Status case: court refuses to grant AG costs
A man who launched and abandoned a legal action against the Government will not have to pay for the Attorney-General’s legal bills, according to a recent court ruling.
Martin Holman sued the Government after he and his wife were forced to leave the Island in 1976 after immigration authorities made representations that he was not Bermudian and was not allowed to live on the Island without a permit.
He and his wife later moved to the UK, where they had two children.
However, in 1997 immigration authorities acknowledged that Mr Holman has always had Bermudian status, and in 2001 they acknowledged that his children also had status.
Mr Holman and his family subsequently sought constitutional damage for the loss of opportunity to live in Bermuda during the “lost” years where his and his children’s status were not recognised, along with their distress. While the matter was set to go before the Supreme Court on April 16 this year, a day before the hearing the family issued a summons to discontinue the action.
In his judgment, Puisne Judge Stephen Hellman wrote that he granted the application to discontinue the matter, but did not issue a decision on costs.
“The defendant argued that, notwithstanding that the action had not got very far, he had incurred more than minimal costs defending it and that part of these should be borne by the plaintiffs.
“The defendant sought an order for costs in the sum of $8,000, of which $3,000 was for the costs of the application for costs, although assuming a market rate his actual costs would have been substantially more.”
Mr Justice Hellman wrote that according to the Constitution, the applicant should not be ordered to pay the respondents or any other party’s costs unless the court is satisfied that the applicant had acted unreasonably.
“Thus if the applicant is unsuccessful each party will normally bear their own costs,” he wrote. “However if the applicant is successful then the respondent will normally be ordered to pay the applicant’s costs.”
In the present case, Mr Justice Hellman said he was not satisfied that Mr Holman and his family had acted unreasonably in the application or the conduct of their case.

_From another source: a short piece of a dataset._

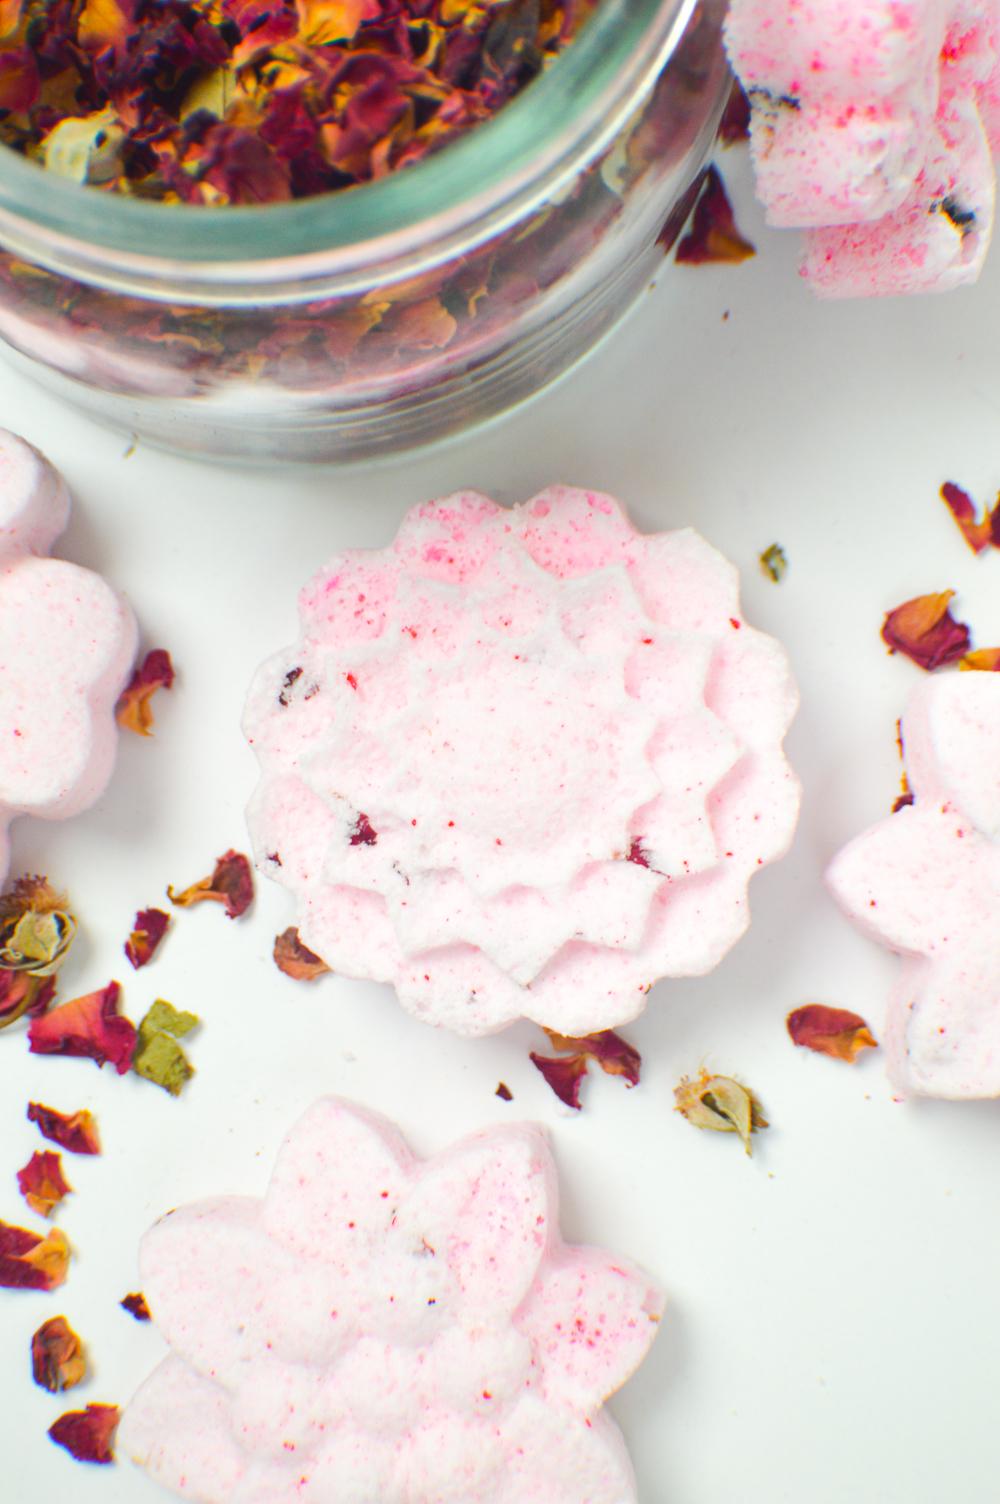 DIY Floral Bath Bombs | www.clubcrafted.com

“Their constitutional and purported Magna Carta rights were arguably engaged,” he said. “Judicial review, which was in its infancy during the 1970s, would not have been an apt remedy as it does not give rise to damages; and the mischief complained of, namely the non-recognition of Bermudian status and de facto exclusion from Bermuda, is better captured by a public than a private law action.
“Claims under the Constitution and, if applicable, Magna Carta are not subject to a time bar. As to the merits of the claims, I cannot say that they would have been bound to fail. As to the conduct of the action, the summons for leave to discontinue was filed at an early stage.
“Although the defendant was the successful party in this action he has not been awarded his costs. Moreover, the principles applicable to the award of costs in constitutional cases in Bermuda were unclear. I have therefore made no order as to the costs of the costs hearing, notwithstanding that at that hearing the successful parties were the plaintiffs.”